June 8th to July 8th 2023 at Agial Art Gallery, Beirut.

Vanessa Gemayel 

A way to world 

Music is the emotional life of most people

Leonard Cohen 

Some observations on painting:

The sun can be in darkness, the sky can be dark and have a sun. 

The sky can be split. 

There can be a moon with striking, striking illuminations.

The way is a direction in space.

The paintings are a continuing.

Colours make sounds.

There is always a building to retreat into. 

A white road is thick with paint – something is undone, undoing underneath, 

thick, dried and re-painted. An old, re-painted road. 

The colours are shining, metallic. 

The illumination of sound hitting land. 

Sound has been described as the most abstract and yet the most direct artistic expression. Ask anyone about their relationship with music, with sound, and the response will likely be direct, felt. More than this, sound is located, locates. When a sound is heard, it is possible to feel where it comes from, to locate it in relation to ourselves, near or far, up or down. In electronic music, the importance of this phenomenon has been recently discussed, Petri Toivianen arguing in the Psychology of Electronic Music that humans have a remarkable ability to localize sound sources accurately and rapidly…and further that in relation to electronic music, localization has played an important role’.[1]When listening to electronic music the spatial experience of location, of depth, is encouraged, amplified. There are new architectures to be felt in the abstracted and repetitive structures of the beat. 

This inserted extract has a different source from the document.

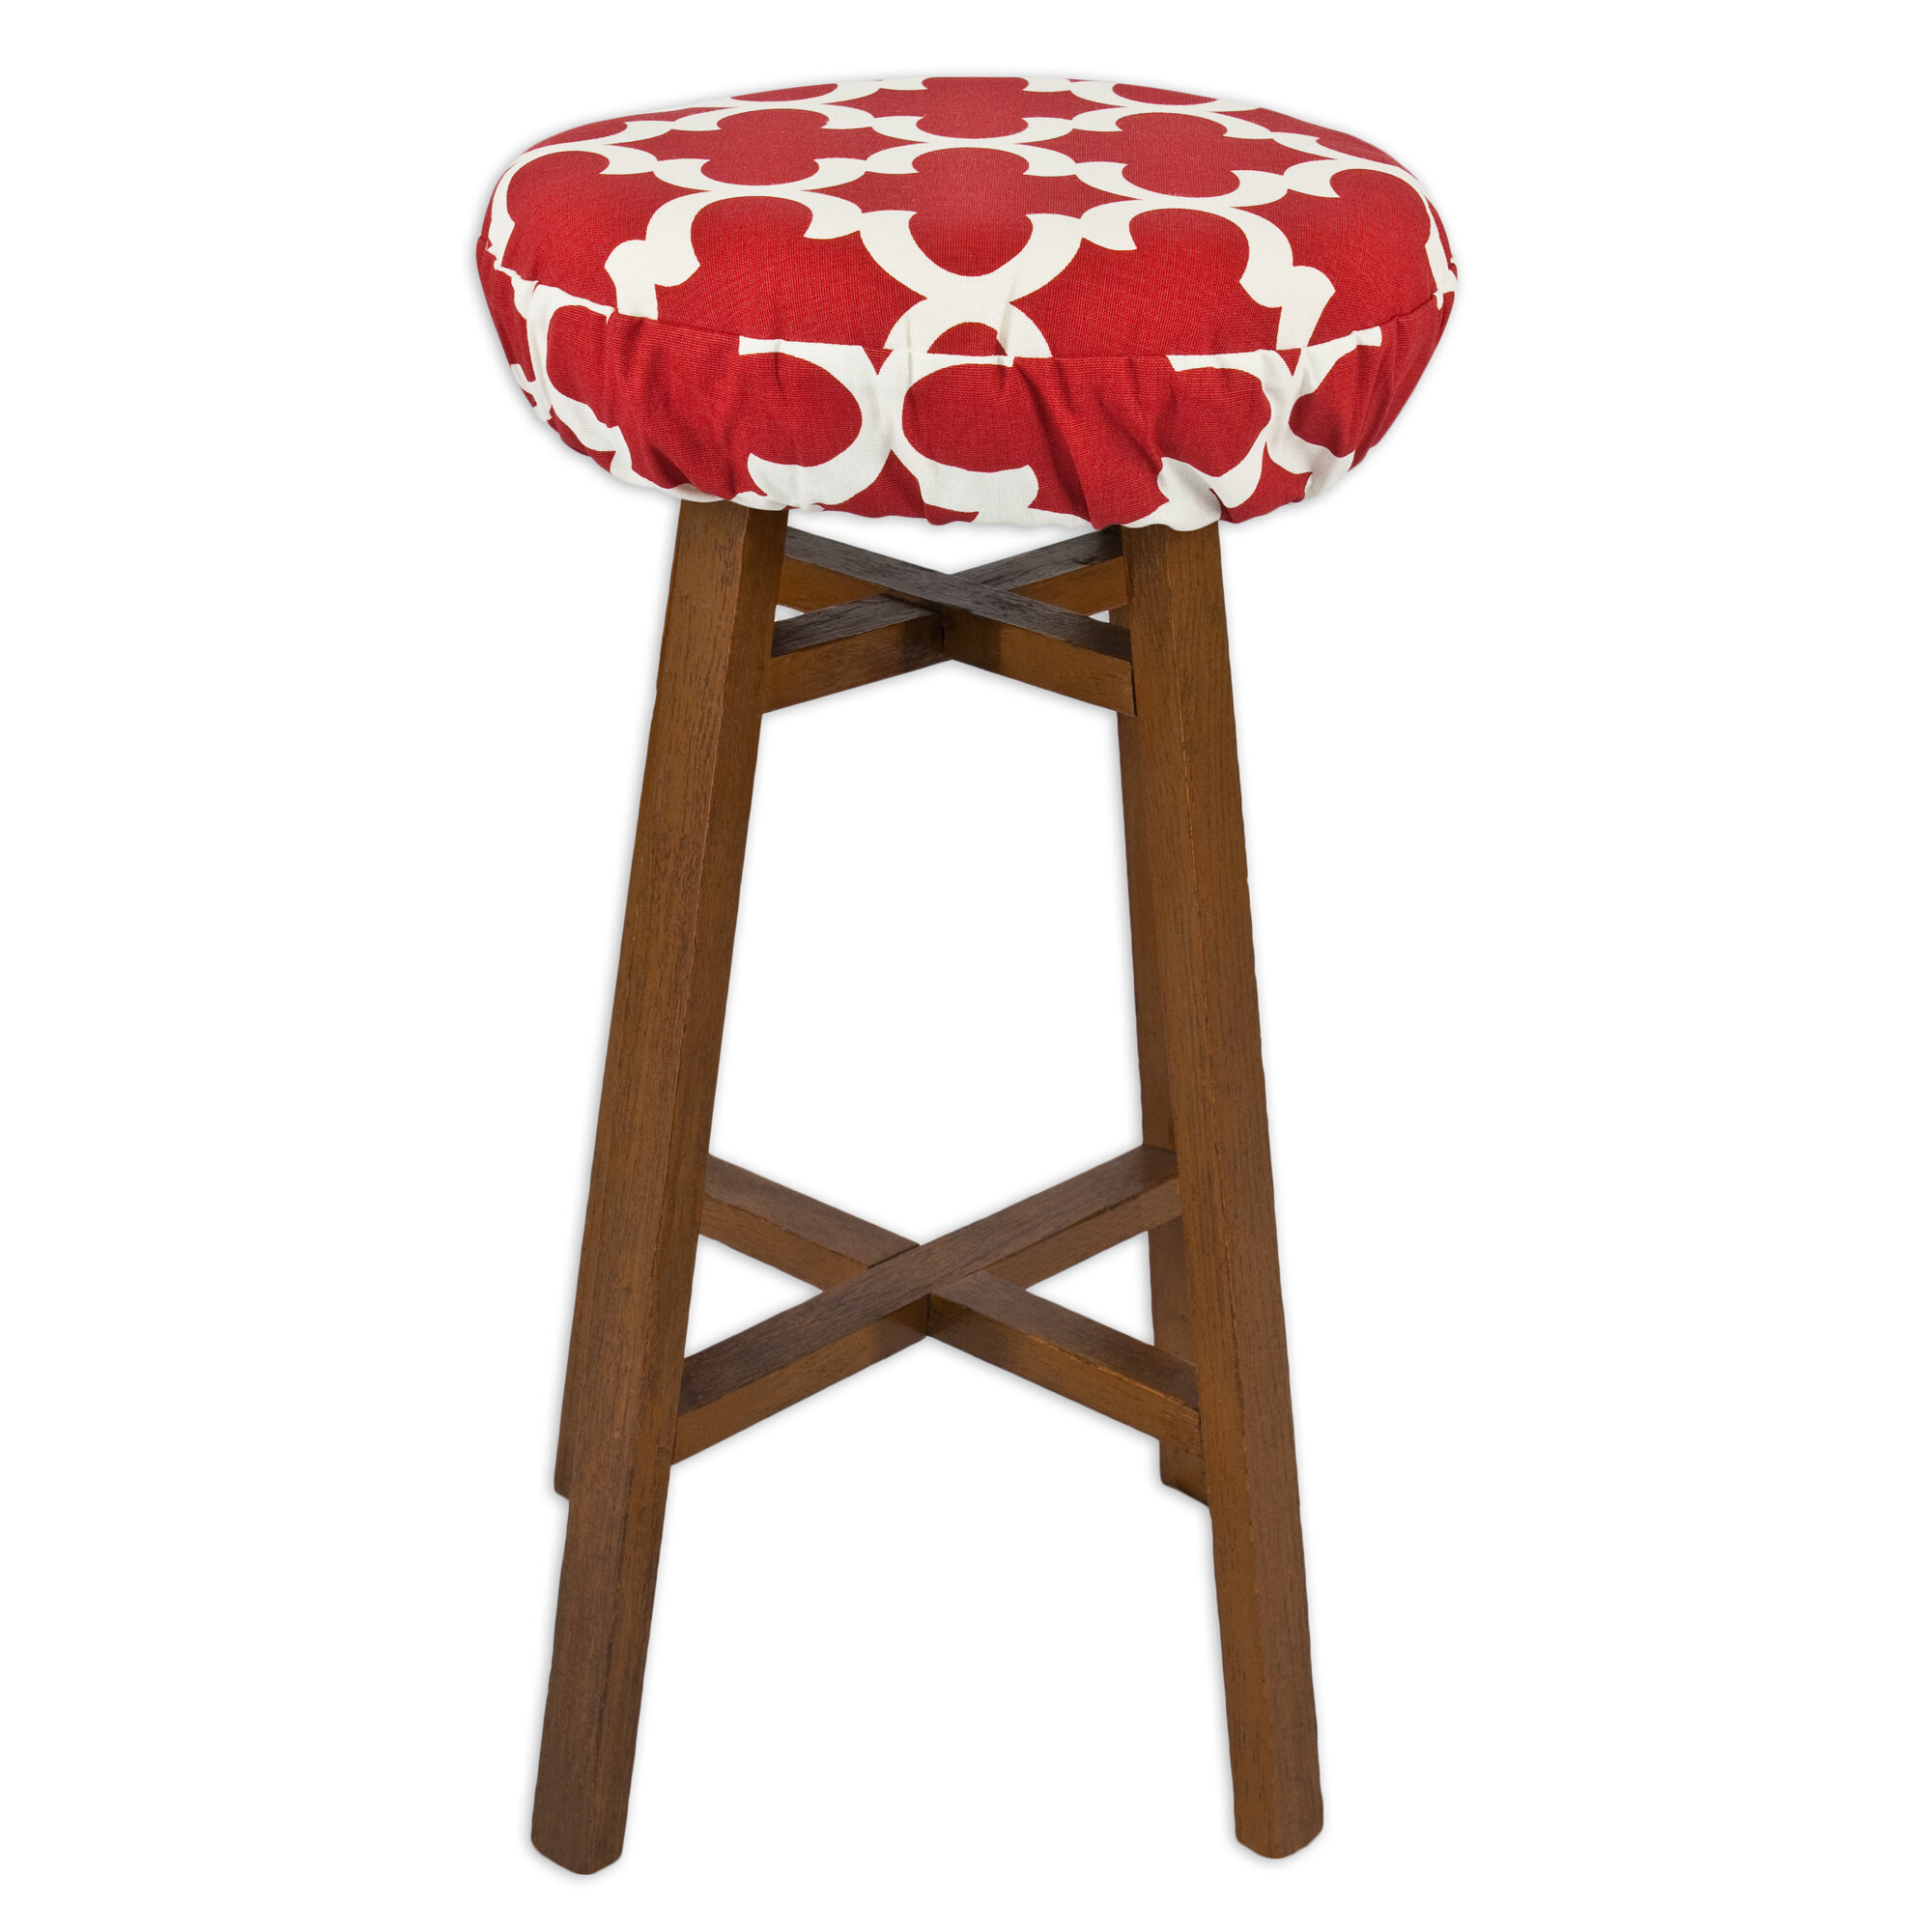 bar stool NEW 418 BAR STOOL CUSHION ROUND : 1 from barstools2.blogspot.com size 2000 x 2000 jpeg 390kB

The paintings of Vanessa Gemayel are visual representations of her auditory world, electronic music that is emotionally resonant, full of distortion and familiarity. Her paintings are a direct and unmediated ekphrasis, a movement or description between one artistic form and another, auditory to visual, sound to painting. While clearly informed by sound, Gemayel’s paintings equally exist on their own visual terms, transforming their source and making of it a visual sense, relatable for a world of tangible things. In this world, colour, shape and line, distance and depth, are delineated by the boundaries and possibilities of the visual world. Yet, Gemayel retains a connection to the freedom of sound, its spatial wandering.  

A first encounter with Gemayel’s paintings joins visual and auditory senses. Her colours make noise, screech, express an overwhelming, shining brightness, contrast, that is heard, felt, in the body as well as viewed, seen on the canvas. In this moment of ekphrastic disturbance the line between viewer and painting dissolves, there is no intermediary, interpreter. Enter directly from here and the painting begins to understand you. 

See it that way. 

Gemayel’s paintings are a journey, a way to world. 

Spatial organization is the strongest marker of Gemayel’s paintings.  She is holding to the order of space, perspective. We are in place, the sun is in a sky, the ground is moving away from us. Buildings rise. The order of perspective she employs might shift but never entirely disappears.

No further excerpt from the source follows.